Tunisie : la vérité sur le différend entre Ben Jeddou et Ridha Sfar

Le ministre délégué chargé de la sécurité nationale, Ridha Sfar, est revenu, jeudi 15 mai 2014, sur son différend avec le ministre de l’Intérieur, Lotfi Ben Jeddou.

« L’Etat des lieux est qu’il y a un ministre de l’Intérieur et un ministre chargé de la sécurité. Lotfi Ben Jeddou a été maintenu dans son poste. Moi, j’ai été promu vu mon expérience dans le domaine de la sécurité. Chacun a sa propre vision dans la gestion des dossiers sécuritaires », a-t-il précisé.
Le ministre a également évoqué, dans une interview accordée à Mosaïque FM, la motion de censure dont il a fait l’objet, ainsi que la ministre du Tourisme, Amel Karboul, sur fond de l’entrée des touristes israéliens en Tunisie. « Cette motion de censure était une procédure normale dans l’exercice des fonctions de chaque ministre dans le gouvernement », a souligné M. Sfar, estimant qu’il a répondu clairement aux questions des députés.
Interpellé sur la création d’un pôle spécialisé dans la lutte contre le terrorisme, annoncée par le Chef du gouvernement, le ministre délégué a fait savoir qu’il s’agit d’un pole mixte entre les parties sécuritaires et judiciaires.

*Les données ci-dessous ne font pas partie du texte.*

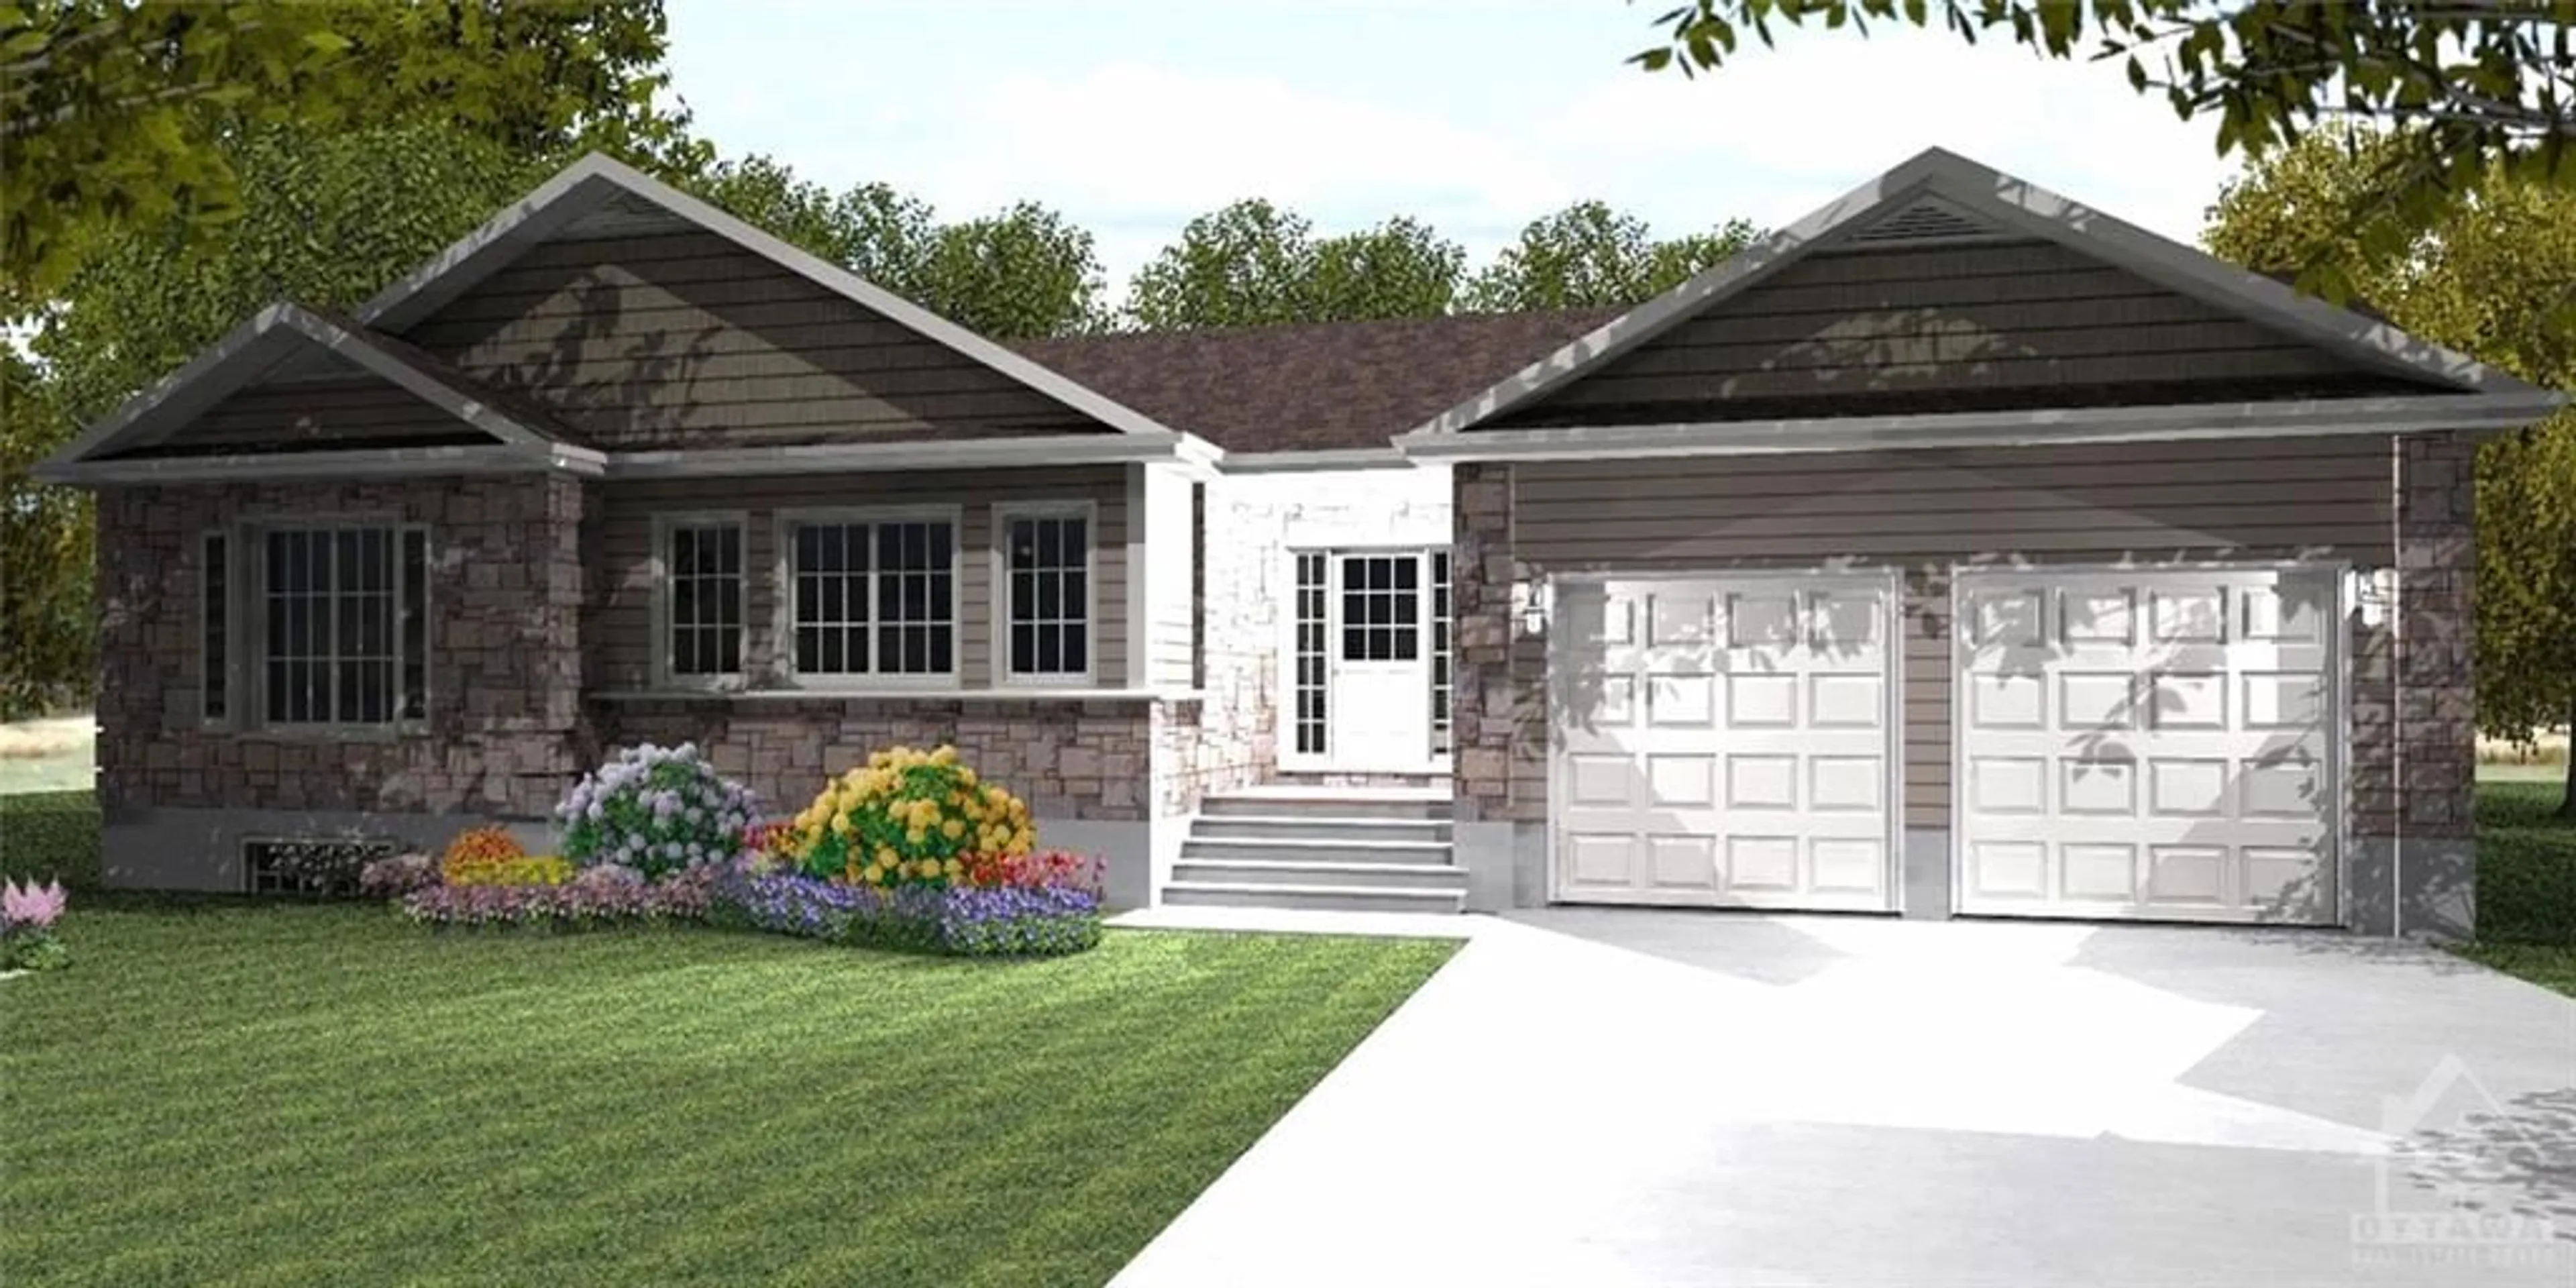 Home with vinyl exterior material for Lot 18-B NOLANS Rd, Montague Ontario K7C 4P2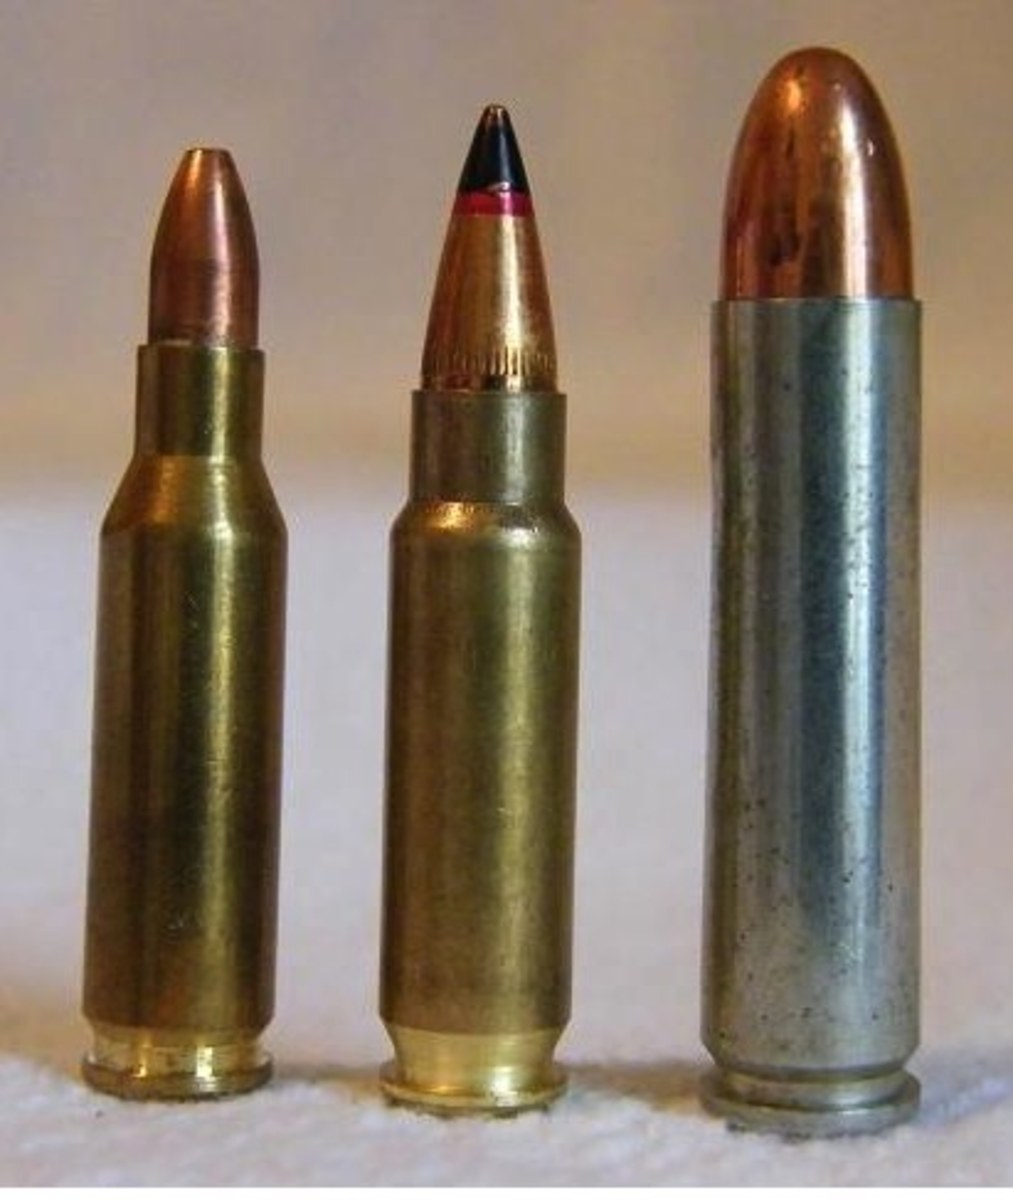 4.6 hollow point, 5.7 steel tip and .30 carbine

Ce pole permettra une meilleure préparation pour l’affrontement des dangers qui guettent le pays et une meilleure interprétation, par des magistrats formés dans le traitement des dossiers liés au terrorisme, des risques et des sensibilités créées par ce genre d’affaires, ainsi que la révision de la législation dans ce domaine. « Dans les neuf mois qui viennent, la menace terroriste reste élevée, selon M. Sfar, Ceci nécessite une coordination optimale entre les services de renseignement et les unités sur terrain, d’où vient l’idée de la création de ce pôle ».
Ridha Sfar n’a pas manqué de souligner les efforts des unités sécuritaires tunisiennes, qui collaborent avec les autorités algériennes pour la lutte contre le terrorisme, notant qu’elles ont réussi plusieurs opérations préventives contre les terroristes qui se trouvent dans les régions frontalières avec ce pays voisin : « Les groupes qui se trouvent au Djebel Chaâmbi se comptent par des dizaines. Il y a des poches qui résistent, mais l’armée est parvenue à pénétrer dans les zones de retranchement des terroristes. Les terroristes sécurisent leurs camps en mettant des mines, c’est pourquoi il y a encore des mines qui explosent ».
Du côté des frontières avec la Libye, Ridha Sfar a affirmé que la situation est plus critique malgré les efforts considérables que fait le gouvernement libyen pour remettre l’ordre. Il a expliqué cette situation par l’existence des groupes terroristes en Libye, à l’instar d’Al Qaida et Ansar Al Chariaa tunisienne et libyenne, qui installent leurs camps d’entrainement dans les différentes régions libyennes. « Les efforts sont actuellement concentrés pour sécuriser les passages frontaliers surtout celui de Ras Jedir. Un système sécuritaire complet a été mis en place pour optimiser le travail de la douane et des unités sécuritaires sur place, et un programme sera également mis en place pour sécuriser les frontières tuniso-libyennes, à travers la création, dans un premier temps, d’une zone militaire fermée. De nouveaux matériels seront également fournis aux postes avancés de la Garde nationale », a-t-il ajouté.
En ce qui concerne l’affaire des fonctionnaires de l’ambassade de Tunisie enlevés à Tripoli, le ministre délégué a refusé de donner des détails, soulignant que des négociations sont en cours avec les parties officielles libyennes, ainsi qu’avec les ravisseurs pour la libération des Tunisiens. « Pour nous, les négociations se font avec les parties officielles libyennes qui ont leurs méthodes pour entrer en contact avec les ravisseurs. Il n’y a pas de négociations avec des terroristes », a-t-il conclu.